白芨抱着刺心钩,像哄孩子一样,轻轻地摸他,将他抱得紧紧的。

过了一会儿,刺心钩才慢慢平静了下来,将脸从白芨的肩膀上移了开来。

白芨便转过头,用手指摸过刺心钩的脸颊,抚过他的睫毛,给他擦干净了眼泪。

刺心钩紧紧抿着嘴,微微撇过头,什么都没说。

见刺心钩平静了下来,白芨忍不住看了喻红叶一眼,心里莫名其妙地不太高兴。

说实话,事实和她原本猜测的情况差距实在有点大。

原本,见喻红叶对刺心钩满心恨意,说刺心钩害死了他重要的人。白芨还以为,是刺心钩失手杀死——至少也是无意中害死了——喻红叶的姐姐。如果是这样,喻红叶的恨意可真的太理所当然了。

然而,刚才听了他们二人的对话,显然,事情并不是白芨原本猜测的那样。

一个是,“姐姐”原来不是喻红叶一个人的,根本就是他们两个人的“阿姐”。
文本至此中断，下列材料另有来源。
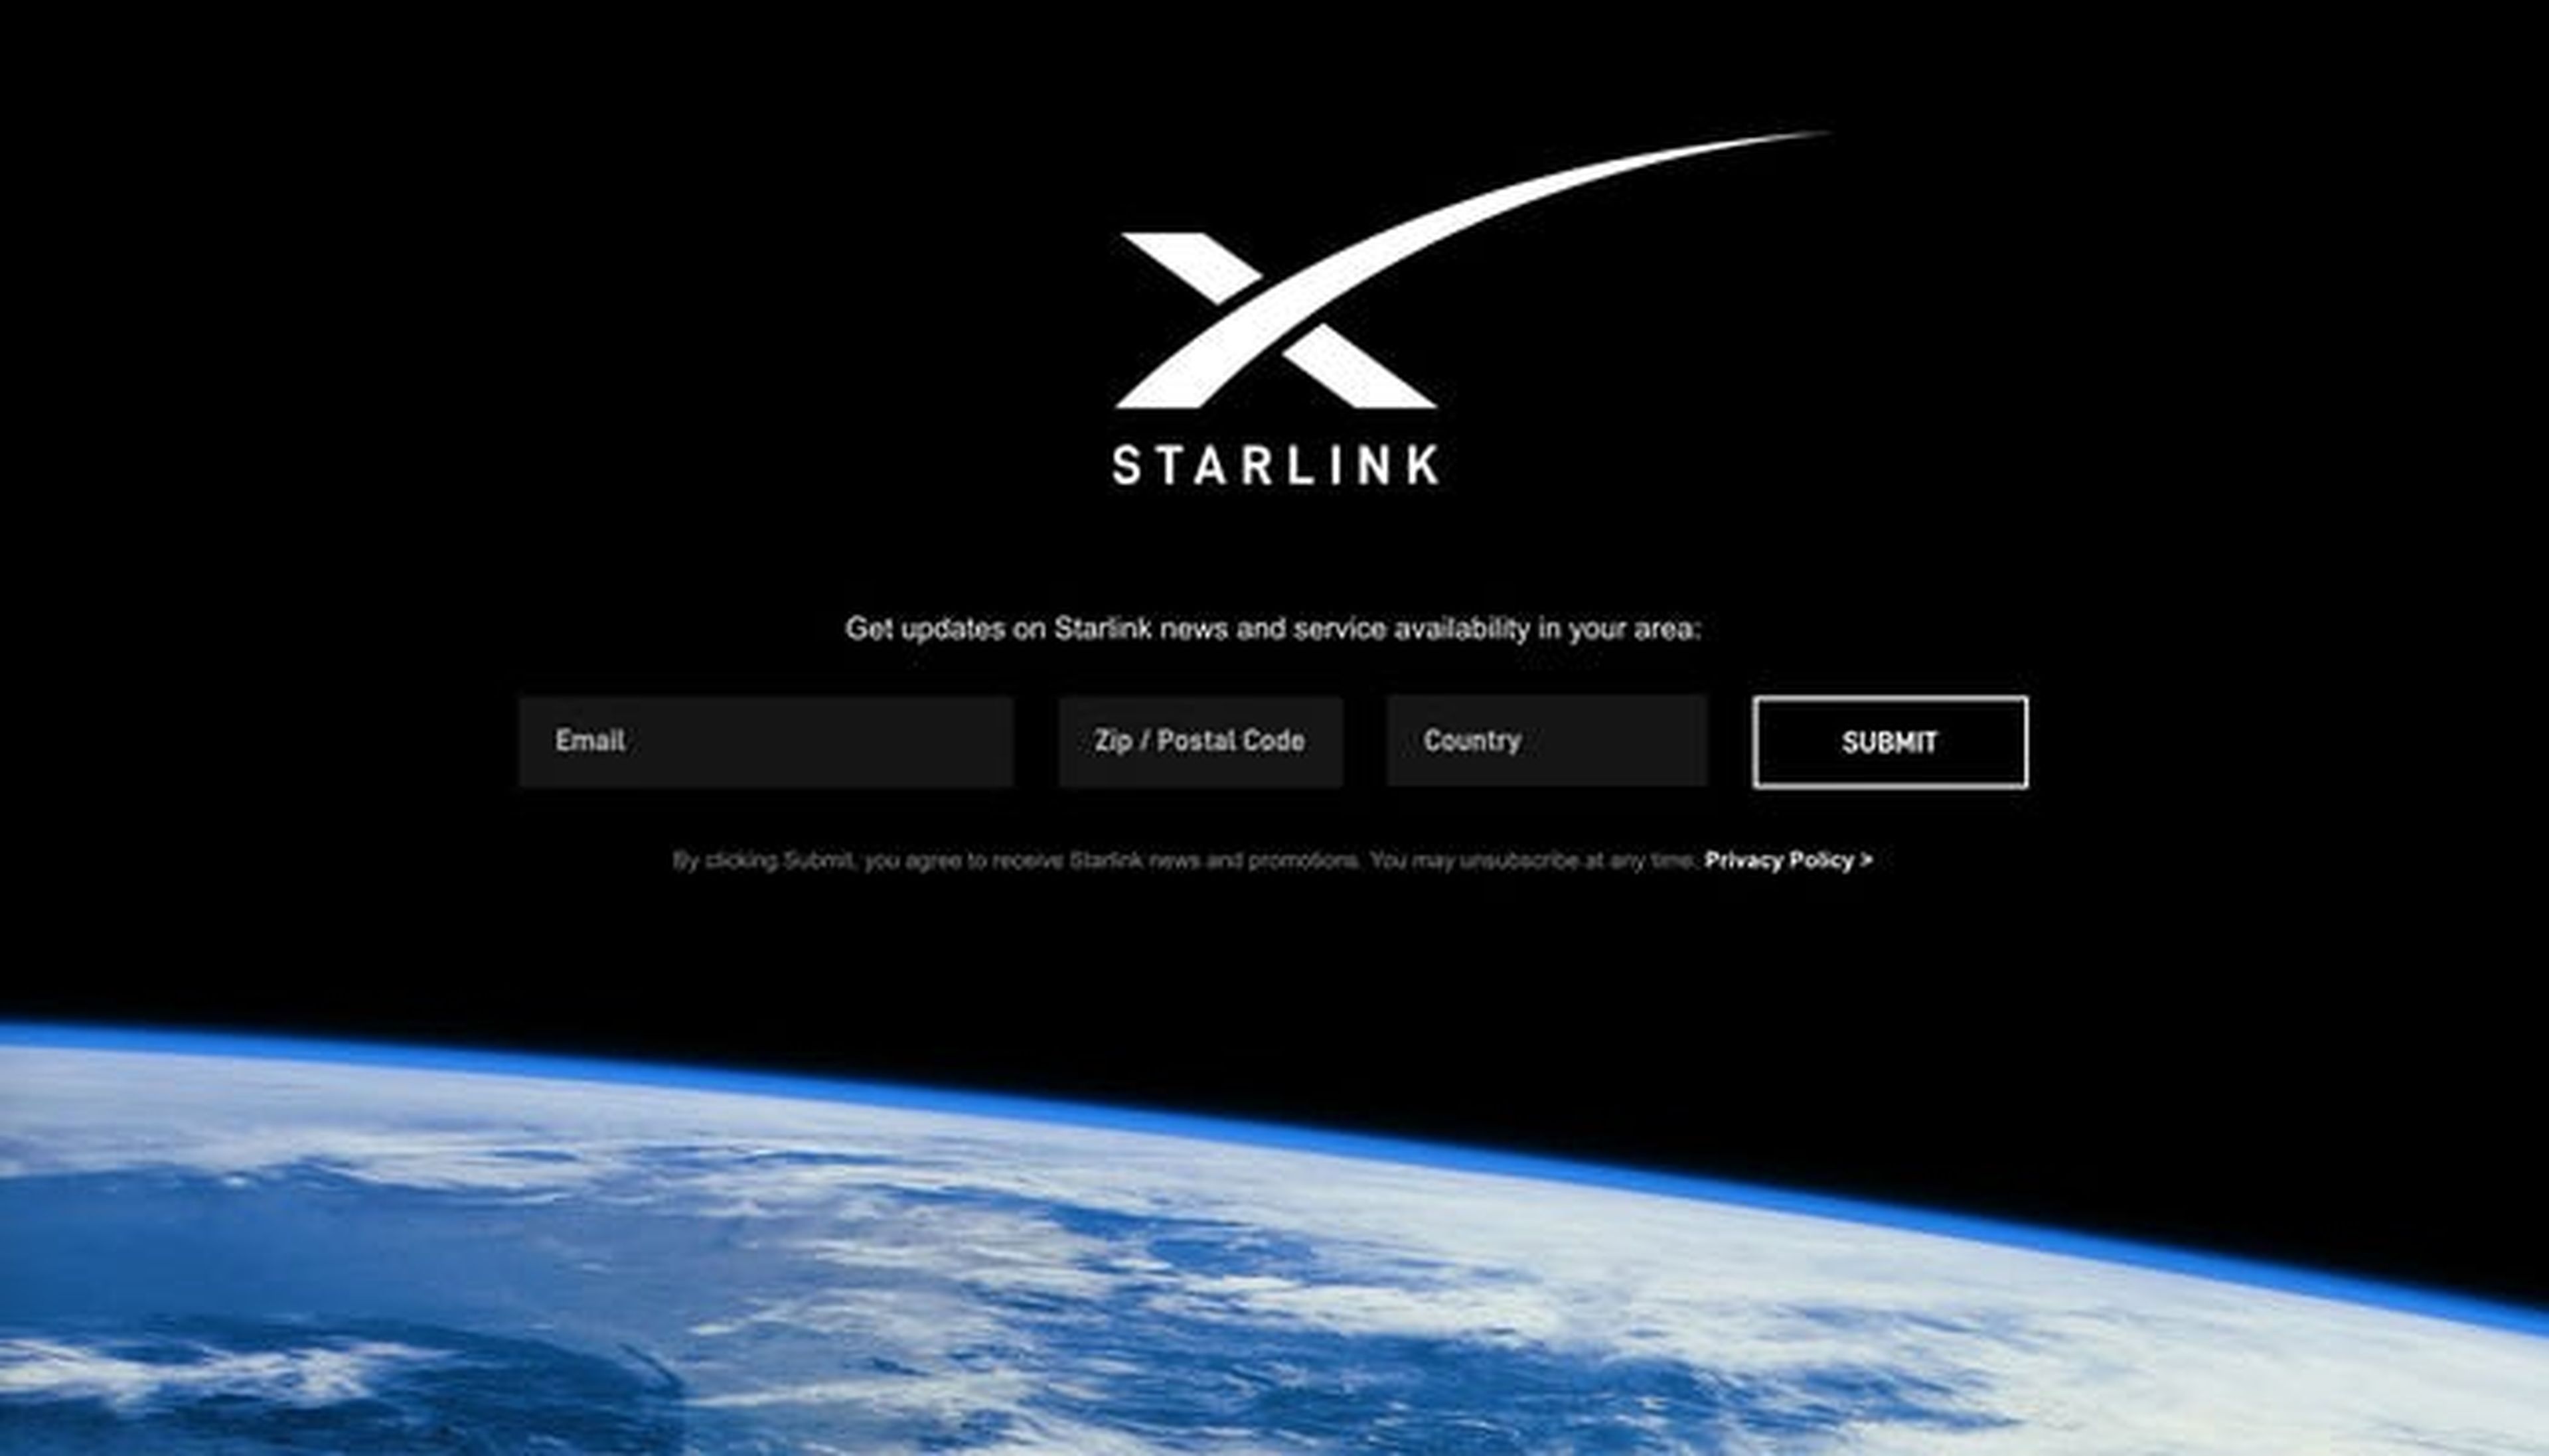 Captura de pantalla del formulario de SpaceX en la página web de Starlink.com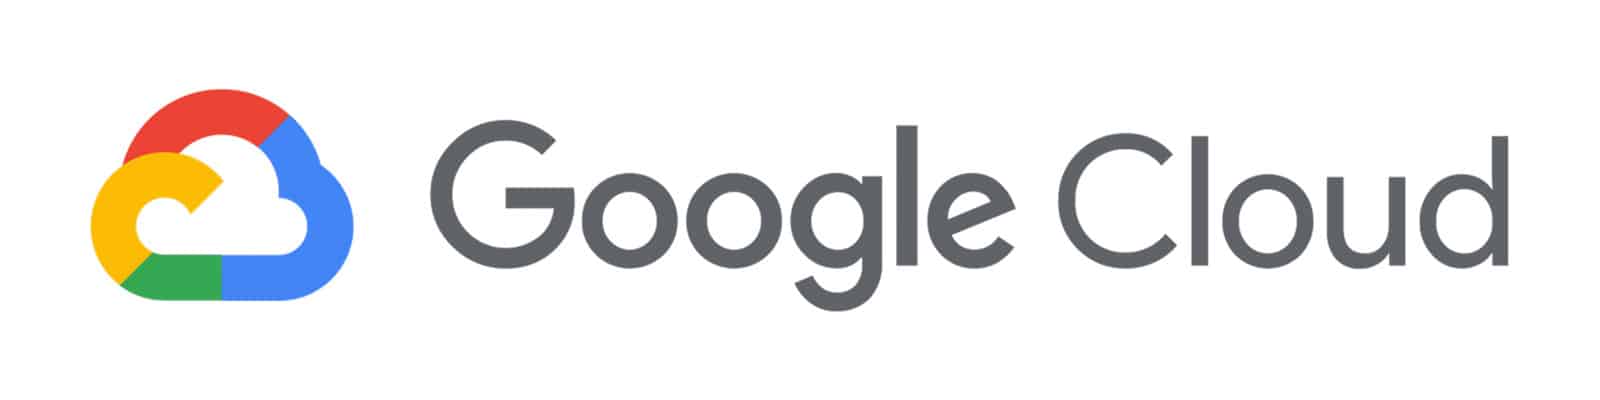 Google Cloud Migration Tools

而第二,也是最重要的。

并不是刺心钩害死了那位姐姐,而是那位姐姐为了救刺心钩而死……

这哪里是刺心钩的错呢?

白芨看着喻红叶,斟酌着,不知道是否应该说些什么。

此时,喻红叶正小心翼翼地拿起几张泛黄的纸。

白芨看着喻红叶手中的纸张,忽然就愣住了。

那纸张陈旧发黄,一看就是很久很久之前的东西了。喻红叶将其小心翼翼地从棺材旁边的盒子中拿了出来,想也知道,这必然是棺中的女子,也就是喻红叶和刺心钩二人的“阿姐”的东西。

可是,那纸上……写着的……

是白芨的字迹。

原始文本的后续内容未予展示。